Hi everyone could someone please help me identiy what plant i have in my tank? Originally i had bought it under the description of pennywort but something tells me it may not be. Just wanted to make sure.
thanks


----------



## TorontoPlantMan (Aug 16, 2013)

Yeah looks about right, looks like it came from some bad conditions though. Lot's of yellowing going on. Do you use any ferts?


----------



## Tahuboy (Sep 20, 2013)

Thanks for confirmation. No ferts yet just flourish once a week. It's in a holding tank until i clean and setup the big gal again. I've cleaned it up since the pic and seen lots of new growth coming out in less than a week which us promising.


----------



## TorontoPlantMan (Aug 16, 2013)

Tahuboy said:


> Thanks for confirmation. No ferts yet just flourish once a week. It's in a holding tank until i clean and setup the big gal again. I've cleaned it up since the pic and seen lots of new growth coming out in less than a week which us promising.

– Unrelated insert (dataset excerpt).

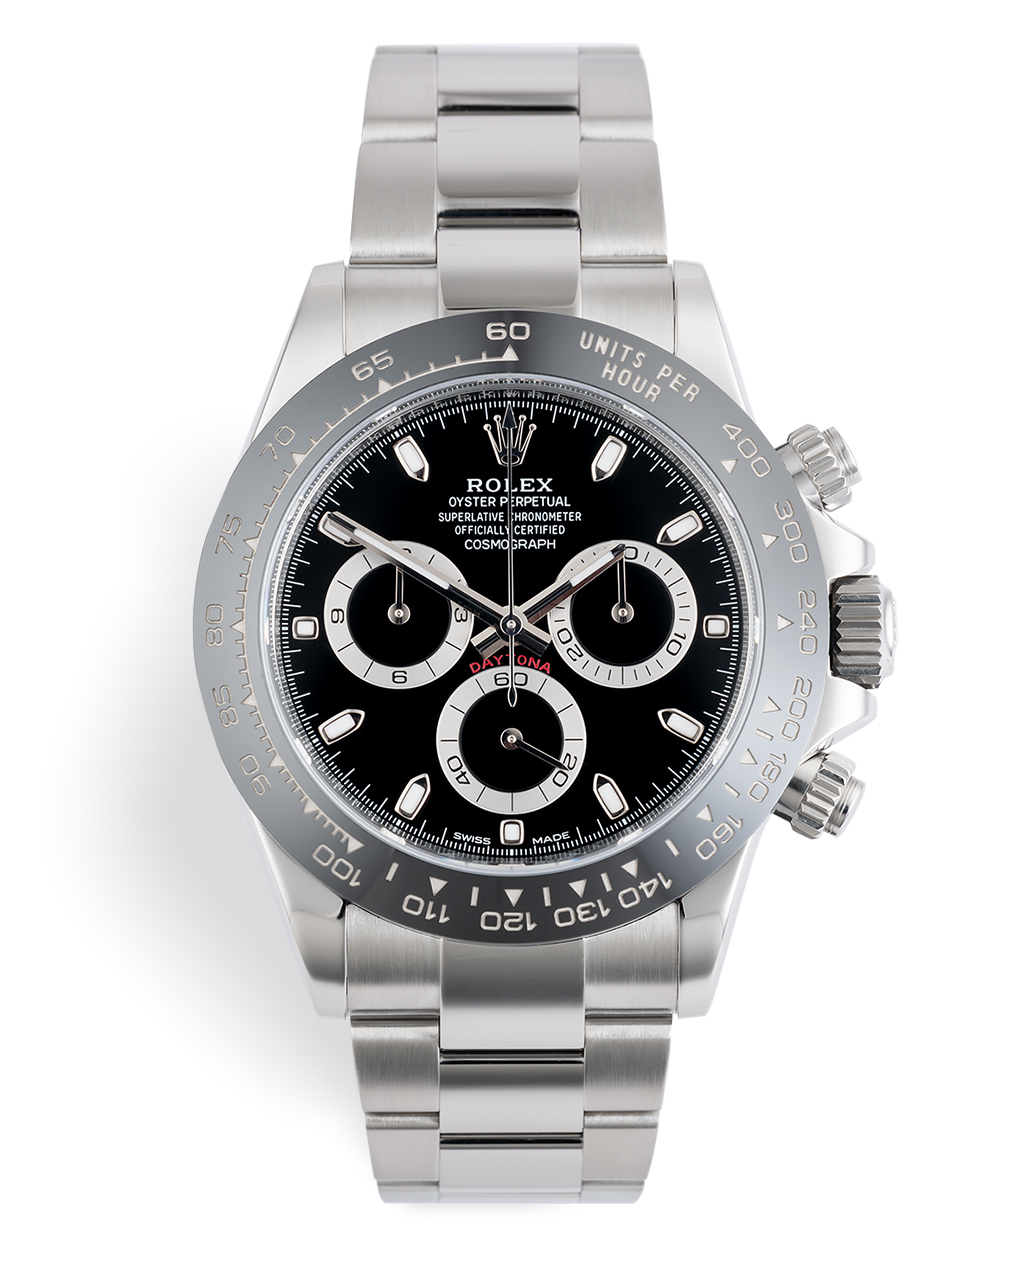 Rolex Cosmograph Daytona Watches ref 116500LN Rolex Warranty to
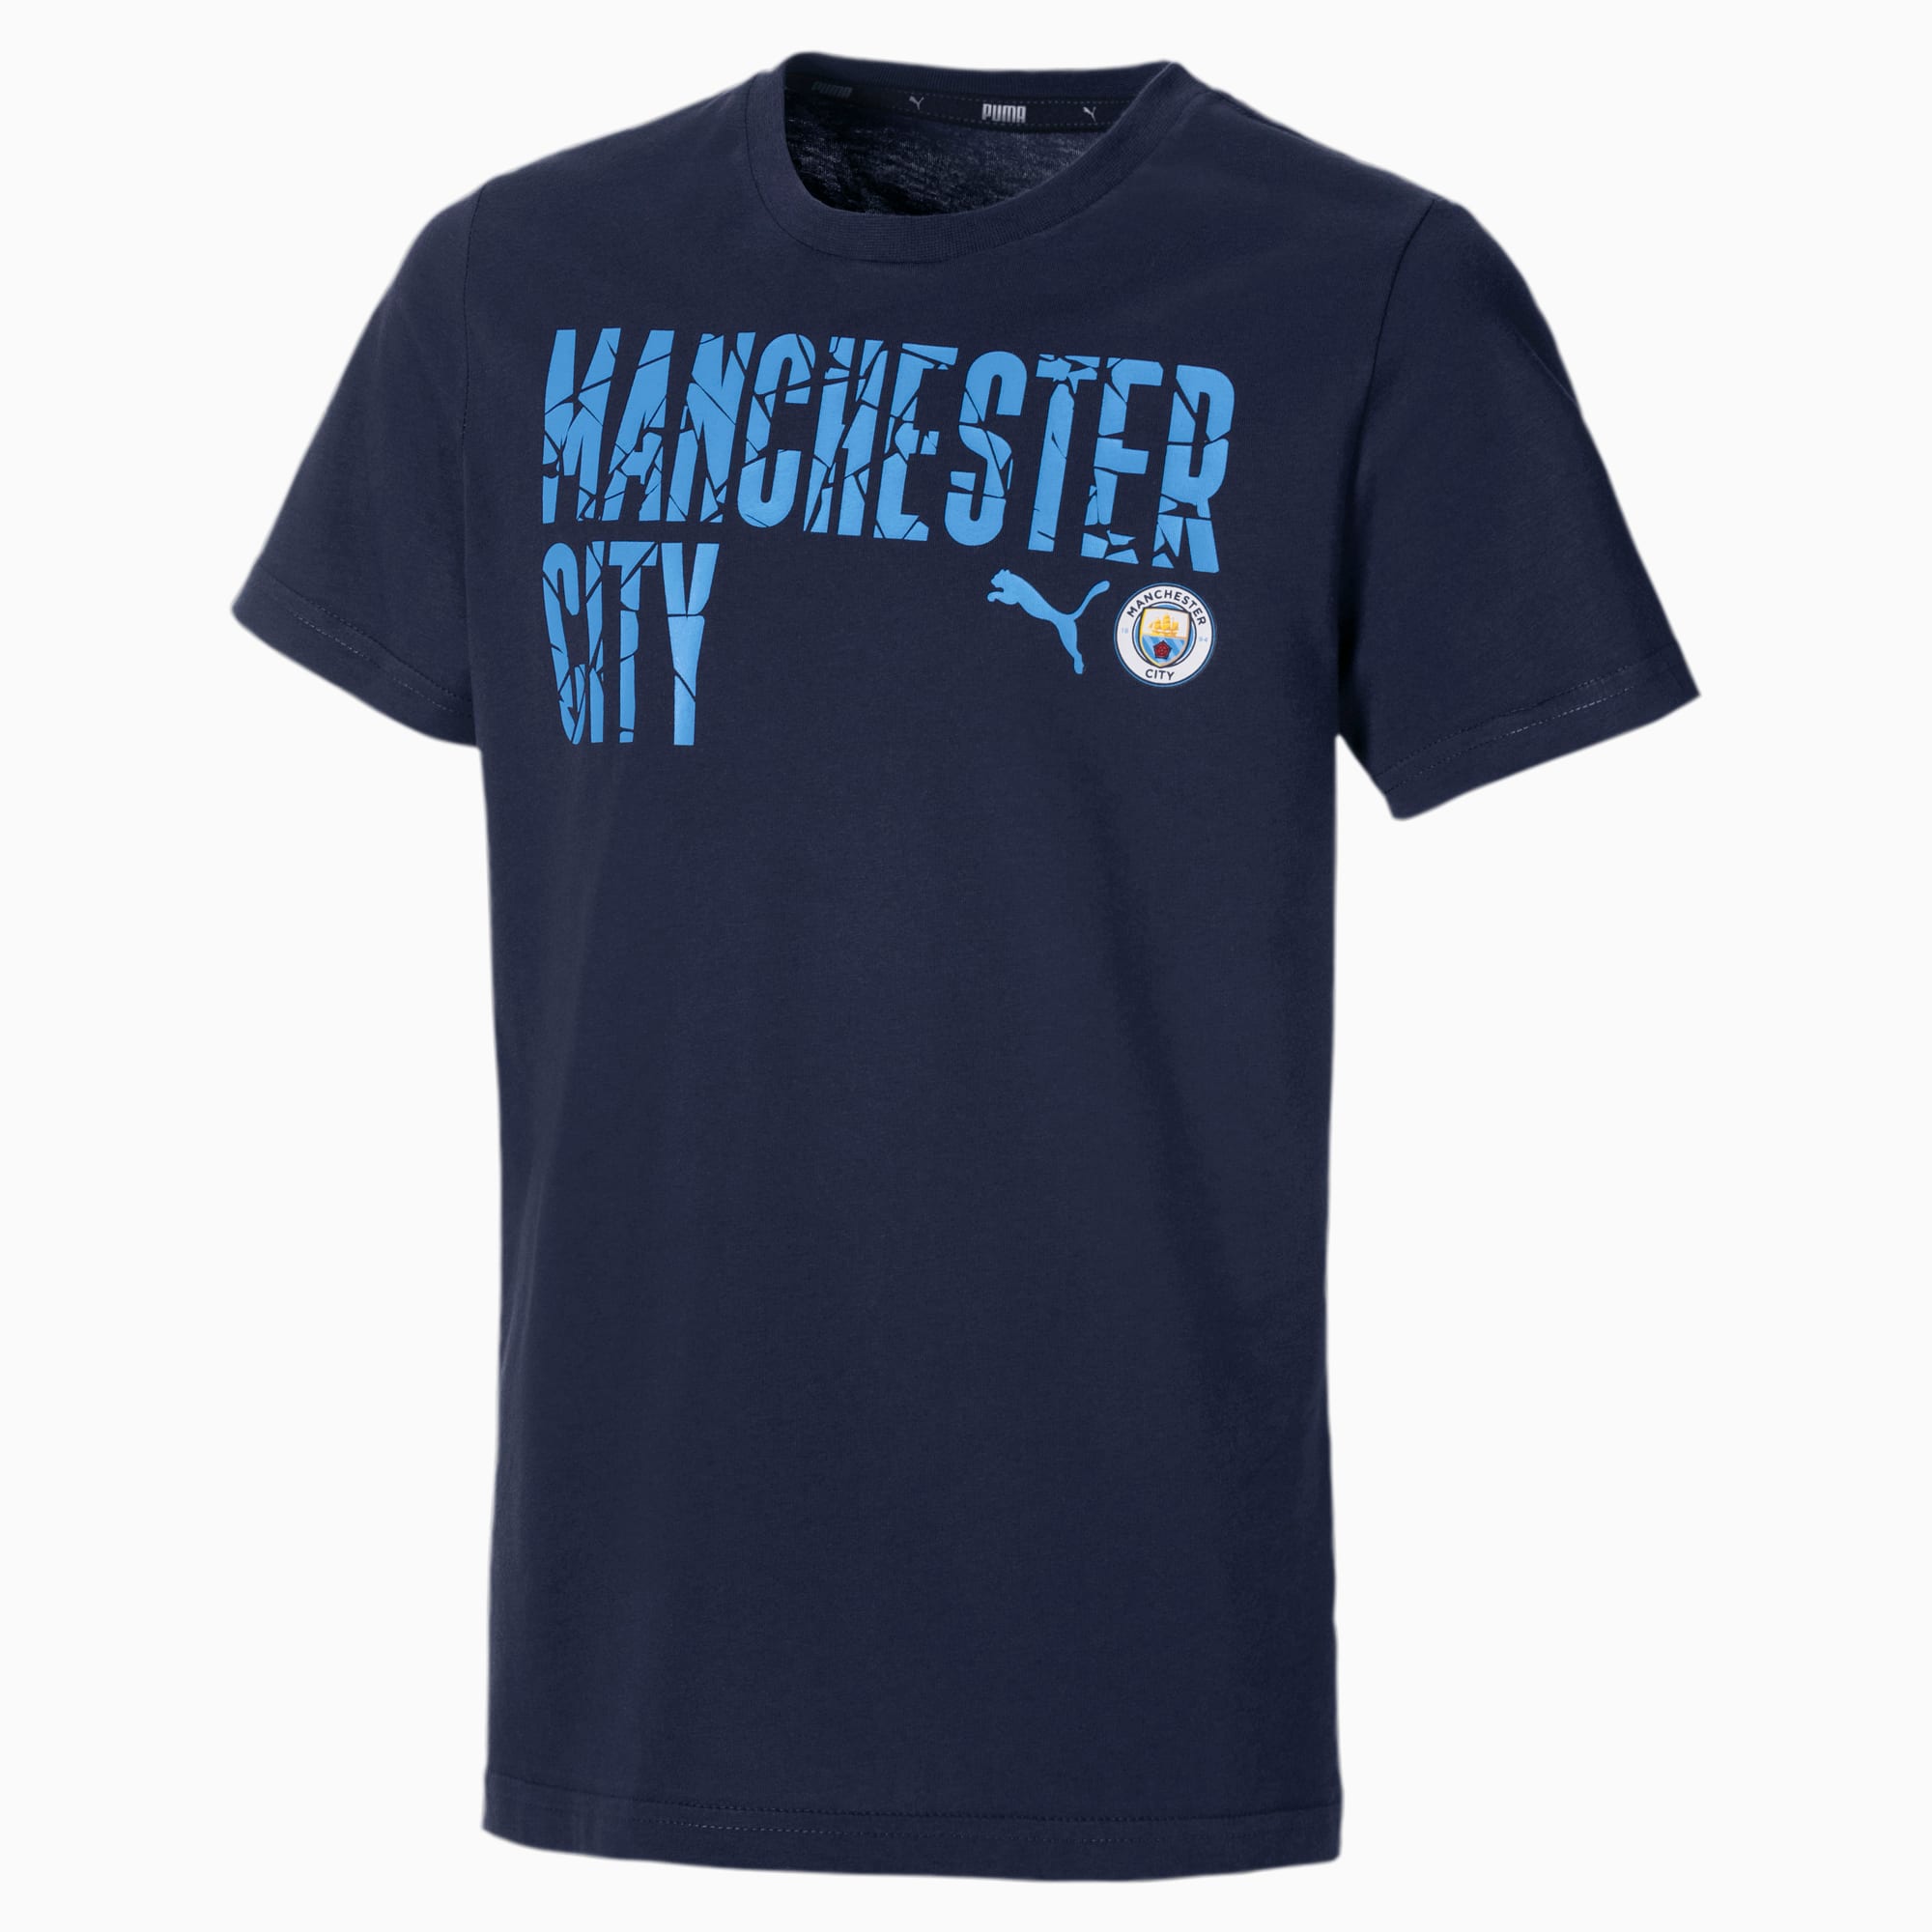 PUMA T-Shirt Man City ftblCORE Wording Football pour garçon, Bleu, Taille 110, Vêtements

No problem. And oh nice that's good then, hopefully it comes back nice !


----------



## coldmantis (Apr 5, 2010)

It looks nothing like pennywort. Looks more like unhealthy Bacopa Caroliniana. Your leafs are curling(macro defiency), your leafs are a little yellow(micro defuency). Did you get this from a LFS, it looks like it was dipped in chemicals which is common practice to get rid of disease, snails, algae etc.. probably dipped in bleach, Hydrogen peroxide, or Potassium Permanganate.

Sent from my Nexus 7 using Tapatalk 4


----------



## Tahuboy (Sep 20, 2013)

coldmantis said:


> It looks nothing like pennywort. Looks more like unhealthy Bacopa Caroliniana. Your leafs are curling(macro defiency), your leafs are a little yellow(micro defuency). Did you get this from a LFS, it looks like it was dipped in chemicals which is common practice to get rid of disease, snails, algae etc.. probably dipped in bleach, Hydrogen peroxide, or Potassium Permanganate.
> 
> Sent from my Nexus 7 using Tapatalk 4


Yea it was pretty sad looking in that pic it's doing a lot better now. I know i'm missing some macro love, after cleaning it up and seeing leaf growth formation i believe it is a pennywort. It's already out growing the water level in this small tank, can't wait to setup the bigger 10 gal and see it go to the top!


----------



## coldmantis (Apr 5, 2010)

Tahuboy said:


> Yea it was pretty sad looking in that pic it's doing a lot better now. I know i'm missing some macro love, after cleaning it up and seeing leaf growth formation i believe it is a pennywort. It's already out growing the water level in this small tank, can't wait to setup the bigger 10 gal and see it go to the top!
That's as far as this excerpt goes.